Викыч запел, Михаил сразу и легко подхватил мелодию – вот певцы! Когда они заводят на два голоса, хочется тишины, и тишина тотчас возникает. Молчали, только некрасивая Раиса подстукивала в такт: вилкой по звенящей тарелке. А дальше мы просто ахнули: слесарь Кимясов (опять пришел!), выпив очередную стопку, попытался подпеть. Он уже падал. Он совсем не стоял, да и сидеть мог только на полу. Пьянь пьянью, полслова выговорить не мог, но песню, музыкальная душа, пел. Викыч и Михаил прибавили в голосе. Раиса звонко лупила вилкой по тарелке. Когда слесарь Кимясов вдруг чисто подтянул высоким и дребезжащим тенорком, нас всех проняло. Зинаида расплакалась. Полный триумф.
Я не помнил, как разошлись. В постели Зинаида пристроилась ко мне, но я не шевельнулся. Она прижалась, закинув на меня сбоку все три или четыре ноги, но я не повернулся лицом. Не мог. Я старый. У меня после этого (если без любви и порыва) подскакивает давление и сильно болит правый глаз.
Мне нравилась Зинаида Агаповна днем – на дневном свету, когда сноровистые ее руки безостановочно делали третье-пятое-десятое. От нее пахло настоящей бывалой бабой. Женщина-трудяга. Посматривая на нее, я был почти уверен, что ловкий и по-своему красивый ее труд у плиты, мощная холка, крепкие руки, бедра сделают ее к вечеру желанной. Я даже обещал (себе), что сегодня уж наверняка расстараюсь, но приближался вечер – и наваливался словно бы предновогодний снег, хлопьями, тяжелый, крупный, – на меня, на мои сникшие желания. Я с ходу засыпал, а если почему-то не мог спать, было еще тоскливее.

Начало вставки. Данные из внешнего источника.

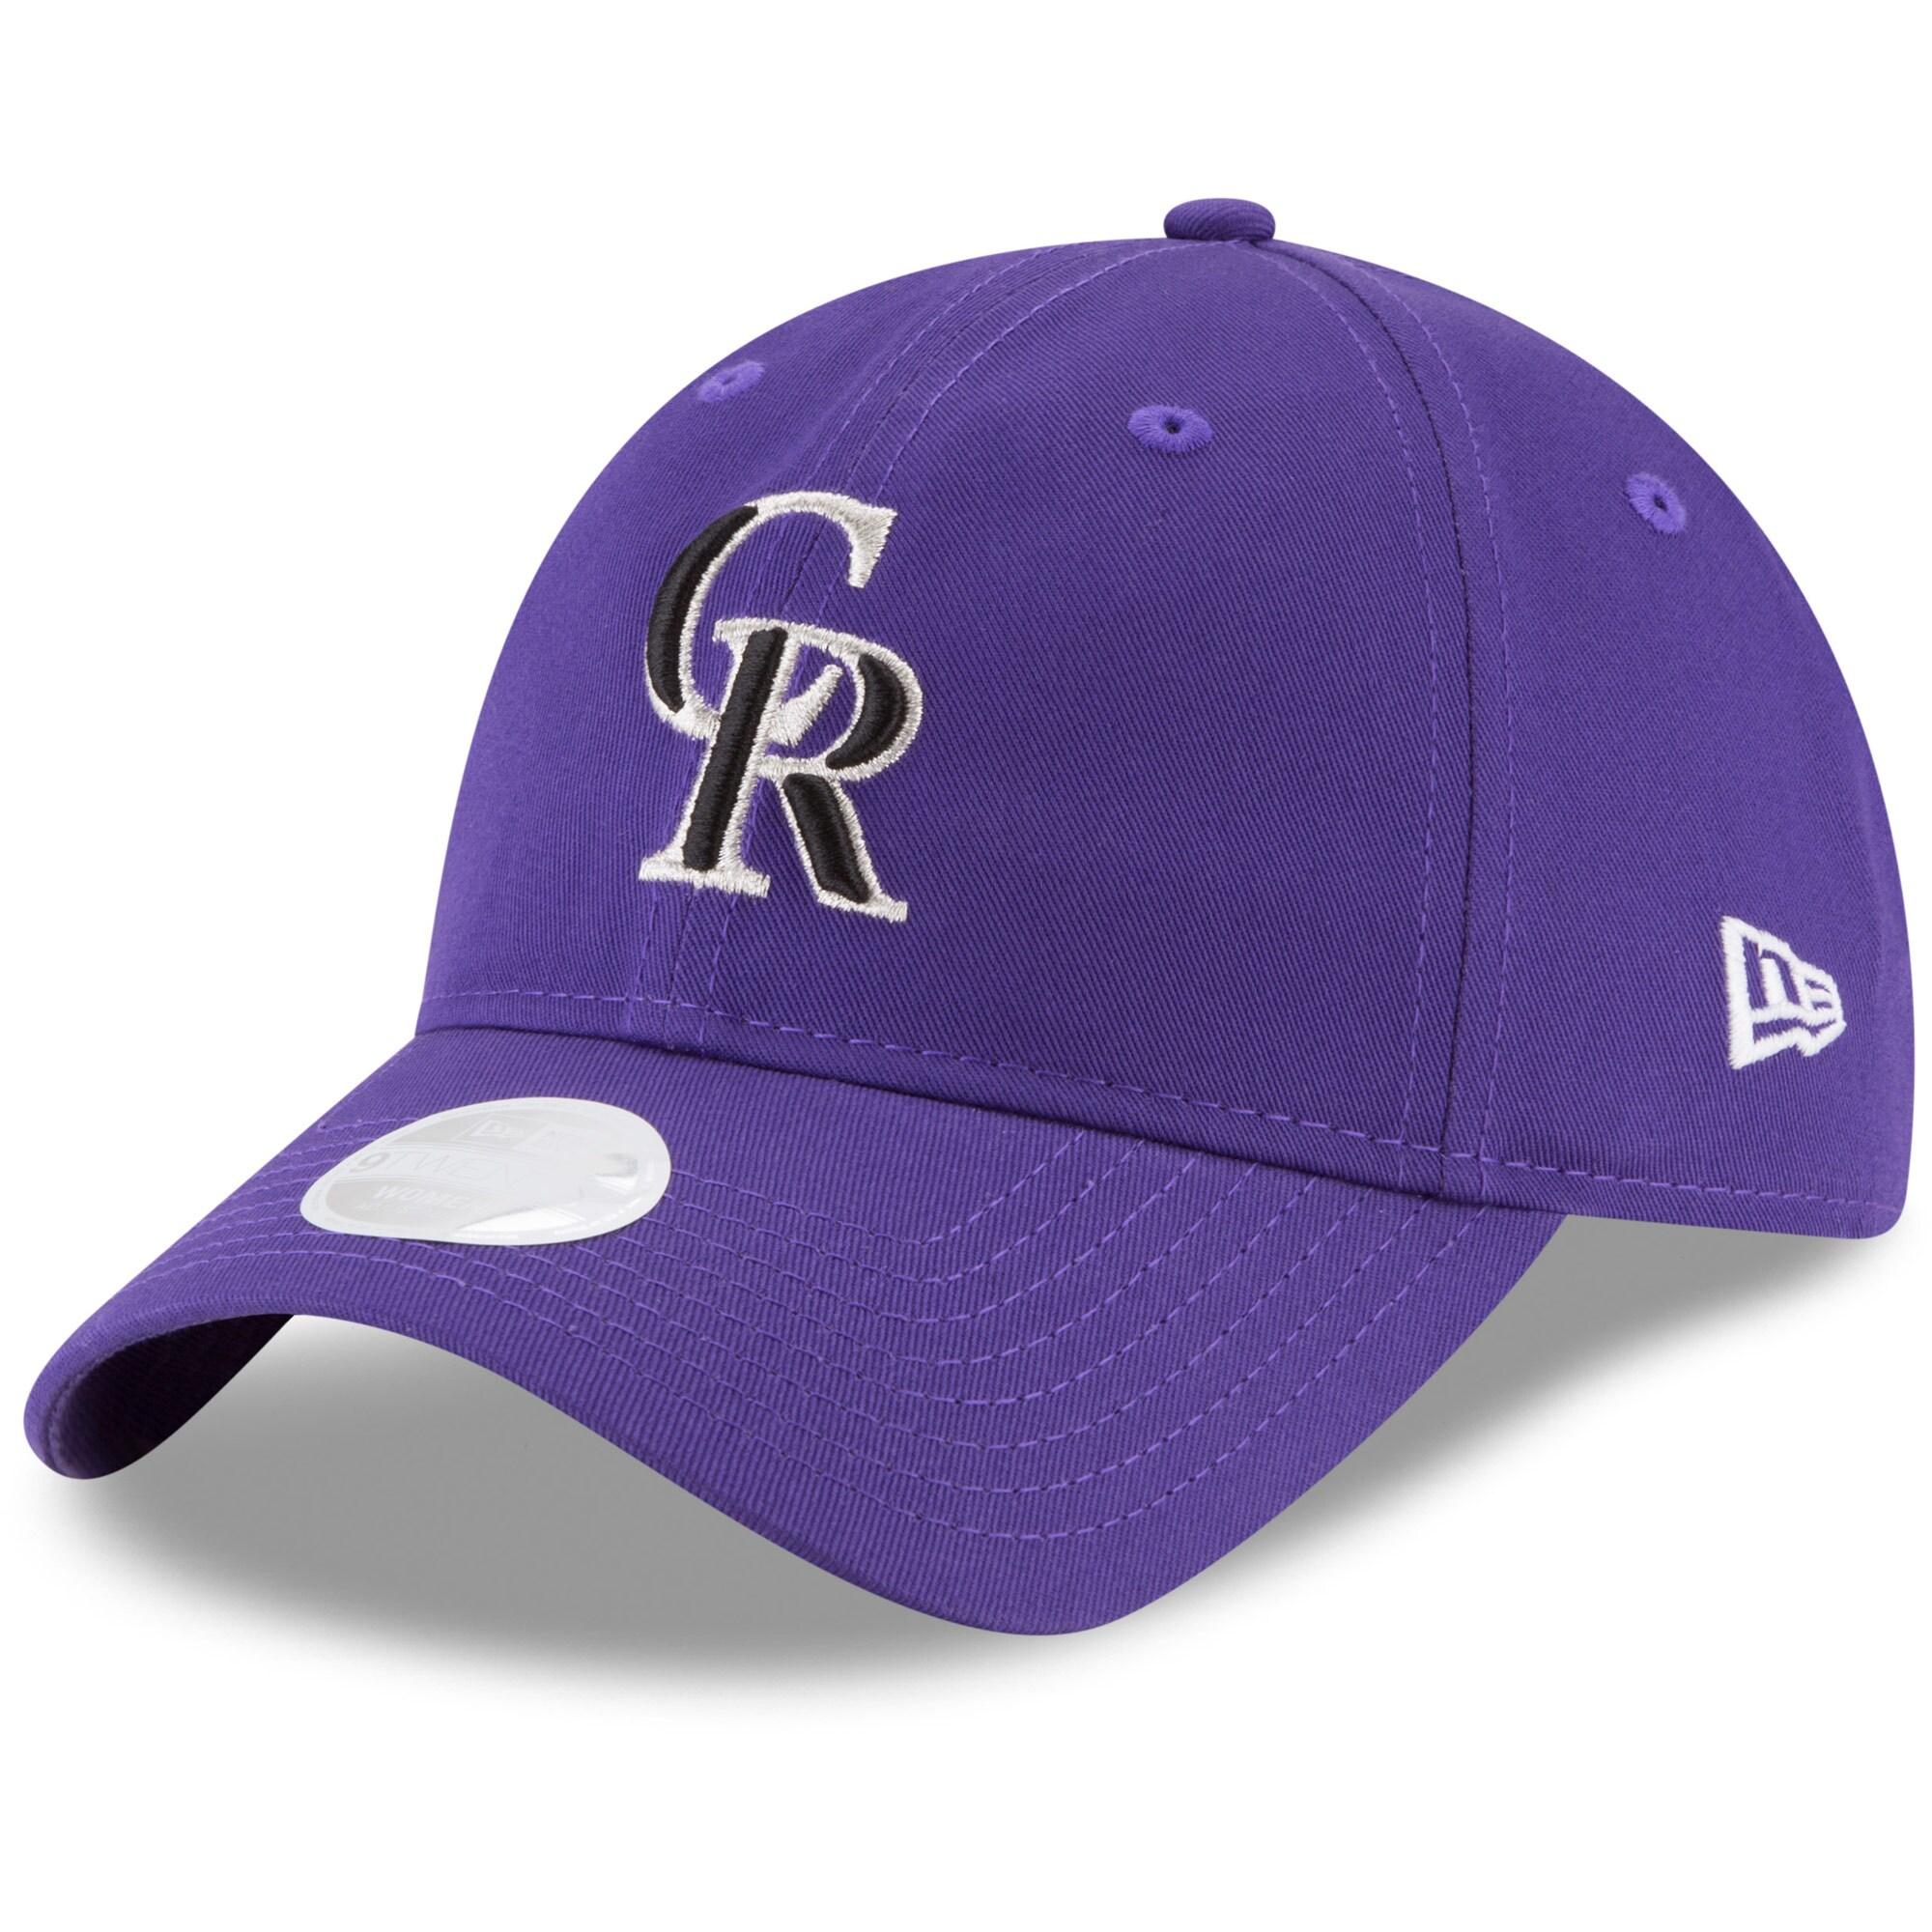 Colorado Rockies New Era Women's Core Classic 9TWENTY Adjustable Hat - Purple

Как-то я просто пролежал рядом с ней всю ночь.
* * *
Мне оказалось нечем платить за ее харч (и за угол, за, как-никак, кровать), и Зинаида, хитрым глазом не моргнув, тут же нашла мне дневную работу: покрасить десяток металлических гаражей.

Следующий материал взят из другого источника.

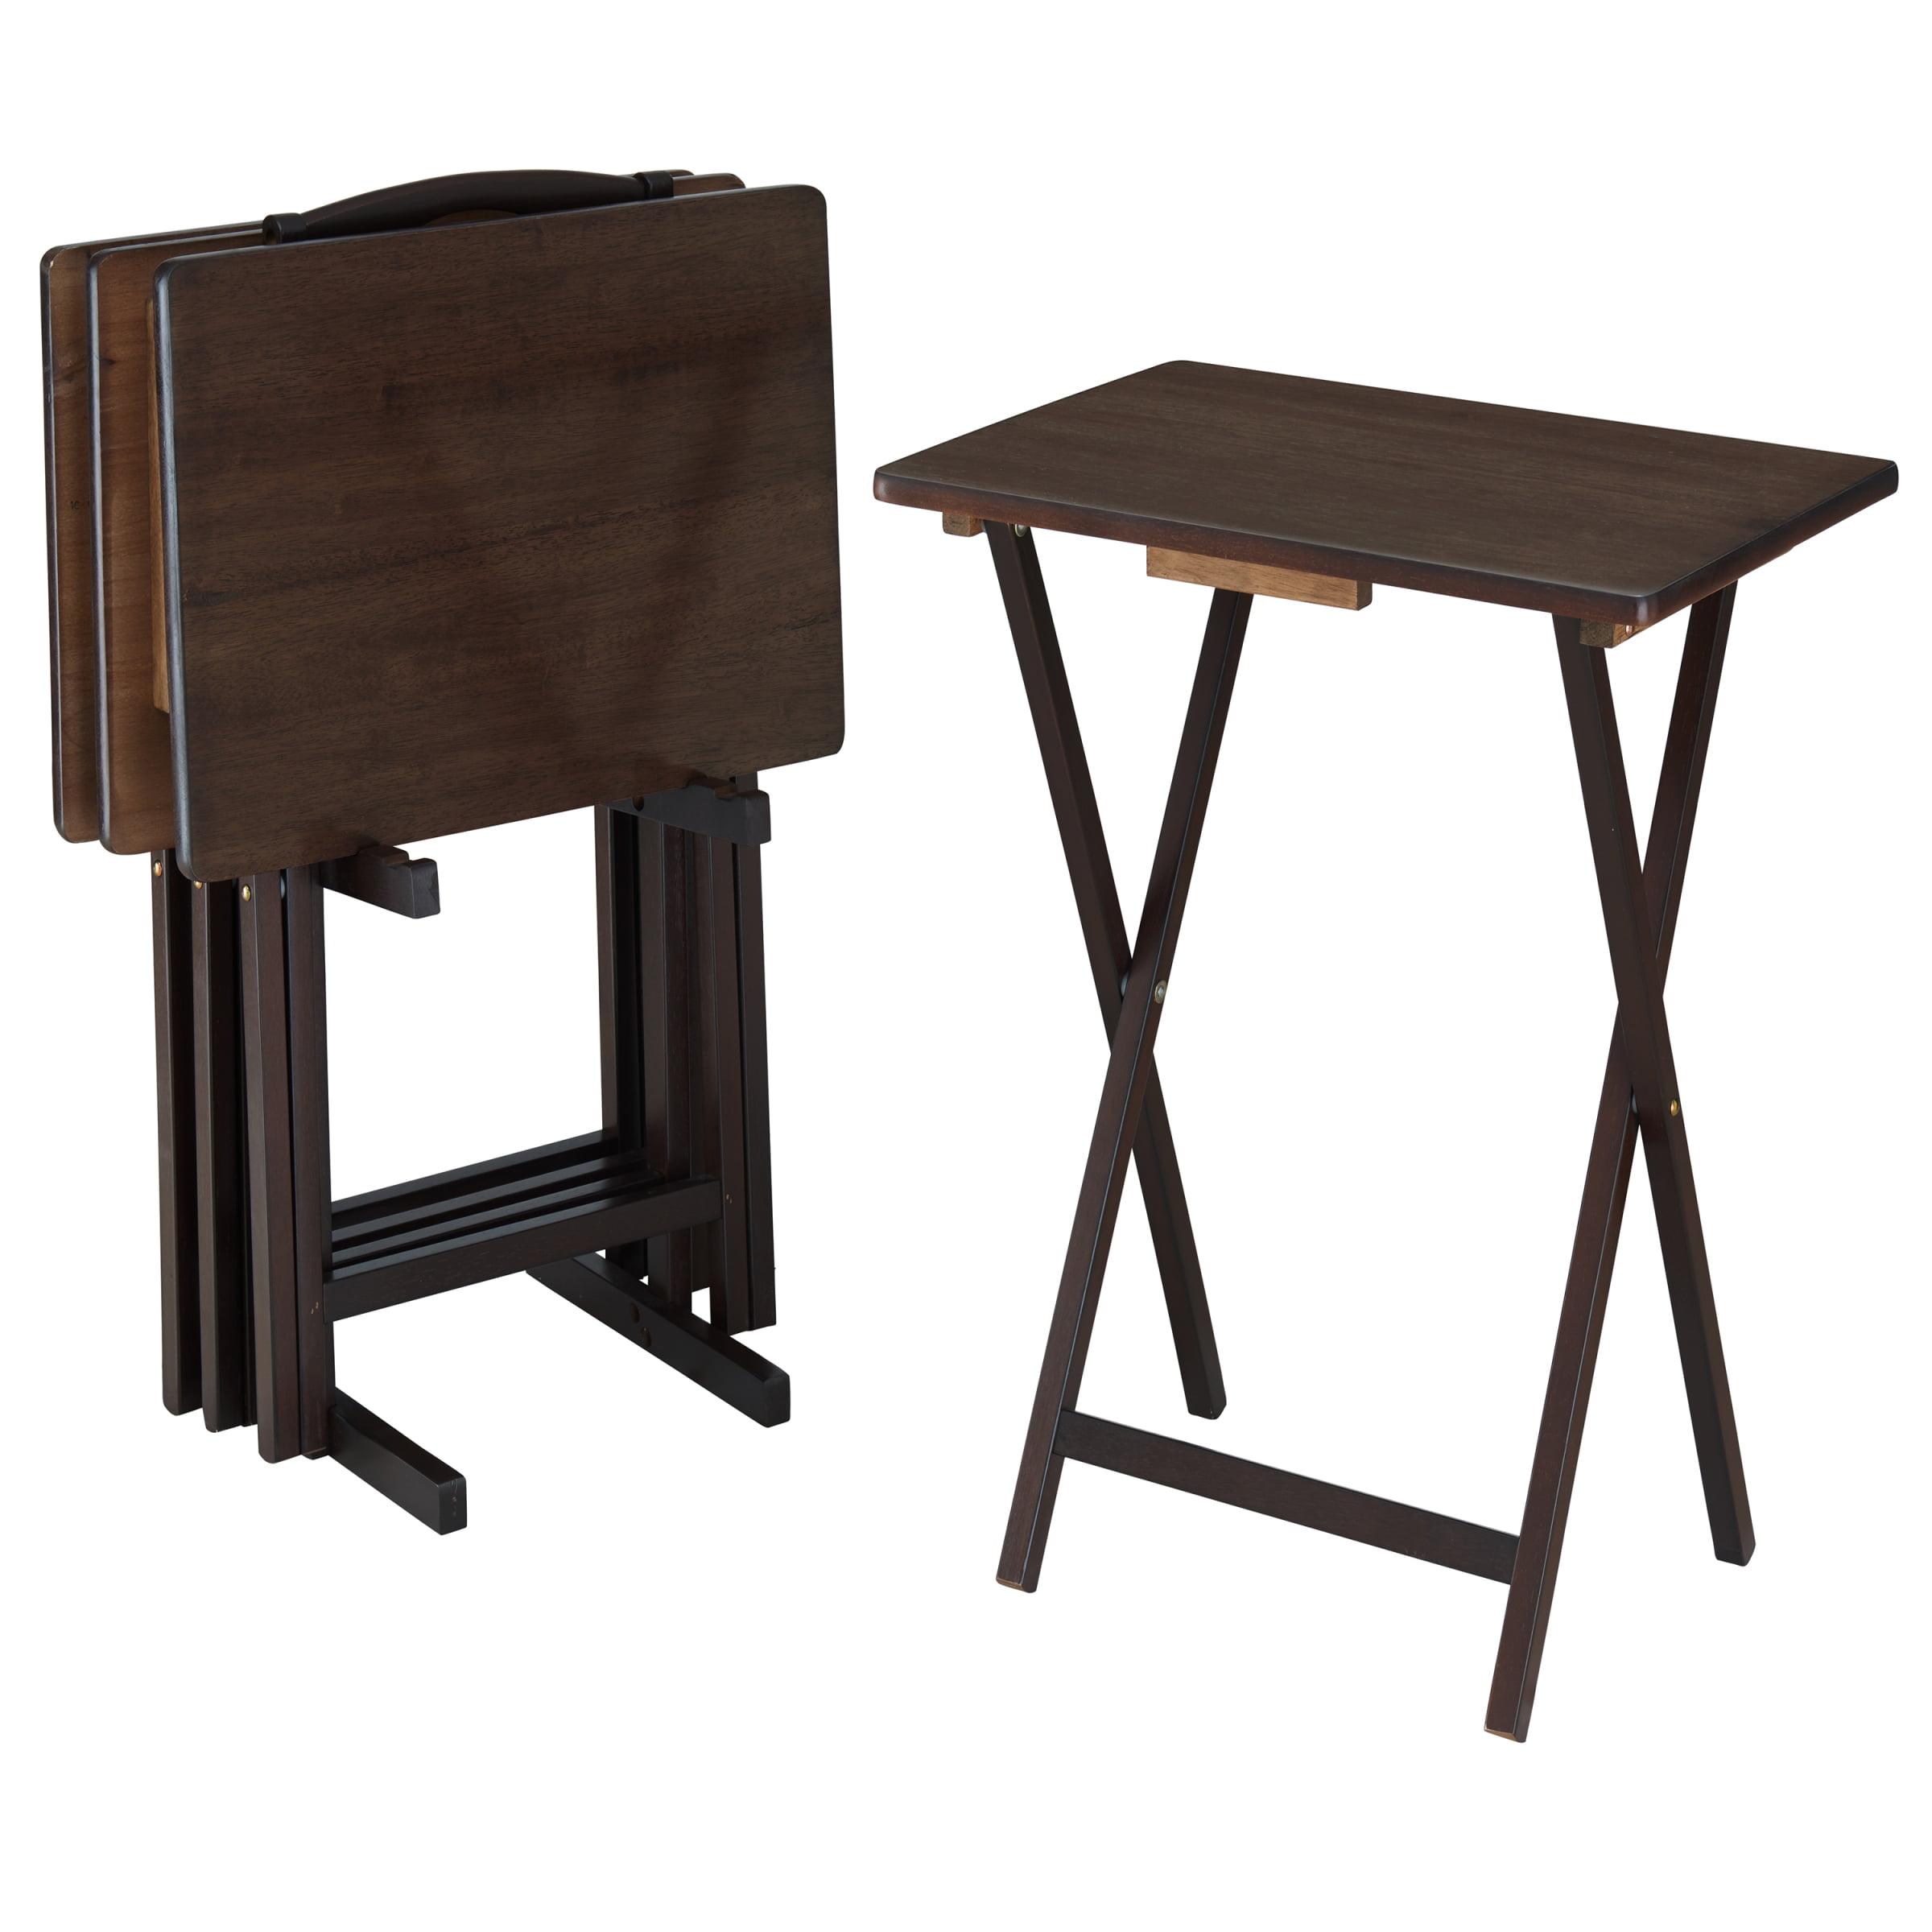 Mainstays 5-Piece Folding Tray Table Set in Walnut

Сказала, что пристроит напарником к некоему Володьке. Покраской, мол, и расплачусь за блины и супы. Поработаешь денек-другой!.. Но как же ее потрясло, когда Михаил и Вик Викыч декламировали:
Пушкин и Петрович – гении-братья... —
они так громко кричали, Зинаида не знала, что и думать. Она еще со школы слышала про Пушкина много замечательных слов, знала сказки и наизусть романс «Я помню чудное мгновенье...». Пушкин и Петрович! – это ее сразило. А меня забавляла ее растерянность, ее вдруг заикающаяся уважительная речь. Пьяному как не повыпендриваться: я надувал щеки, хмурил чело, изрекал и особенно нагонял на нее страх тихим кратким словом: – Да. Гениально. – О чем-либо. О чем угодно. Всякий агэшник время от времени непременно говорит «гений», «гениально», «мы оба гении» и тому подобное. Это (для многих прочих) бритвенно-острое слово мы произносим запросто, находясь с ним в свойских и в давних – в ласковых отношениях. Без слова «гений» нет андеграунда. (Так же, как не было андеграунда без взаимно повязанного противостояния с гебистами.)

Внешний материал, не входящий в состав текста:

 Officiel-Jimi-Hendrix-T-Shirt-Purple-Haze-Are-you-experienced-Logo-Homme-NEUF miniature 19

Когда Михаил или кто еще повторяют, что я гений, у меня чувство, что мне щекочут левую пятку веточкой полыни. Легко. И свежо на душе. Не более того. (Астральные позывные.) А меж тем настоящий гений, мой брат Веня, в психушке ночью жует по одной свои забытые горделивые слезки.
Если же считаться, мне всегда недоставало Вениной восхитительной легкости самовыражения. Мой талант – это талант, но он – как пристрелка, и сам я – как проба. Природа пробовала мной, а уже после, через три года, выдала на-гора Веню. Если считаться... И острого его ума мне было дано меньше, и вполовину его таланта. И лишь малый кусочек его львиного сердца; тоже на пробу.
* * *
Так и не уснул, встал – пошел проверить квартиры. По дороге выпил стопку, зайдя к вдове. Там сидели и кой-как пили поредевшие поминальщики, уже вялые, как зимние мухи.
– Твои – у Ады Федоровны, – сказали.
Ни Акулова, ни кавказцев (зато таз с холодными, но вкусными их шашлыками, последними, на самом дне).
Михаил и Вик Викыч и точно у Ады, у крепкой еще старухи, на пятом этаже: она сама, оказывается, выставила им бутылку водки в продолжение поминок. Вдова пожмотилась, ее в застолье не позвала (а ведь старуха хорошо Тетелина помнила, значит, скорбела).
– Садись, Петрович, – Ада Федоровна любит пригреть. Ей скучно. Остатки доброты у женщины сопряжены с остатками жизни. Лет пять назад Ада Федоровна еще трепыхалась, как догорающая свечка: в конце пьянки вдруг доставала заветную четвертинку – и самый подзадержавшийся, поздний по времени мужик, подпив, оставался и просыпался в ее постели. Но теперь все фокусы позади. Болотный тихий пузырь. Только доброта.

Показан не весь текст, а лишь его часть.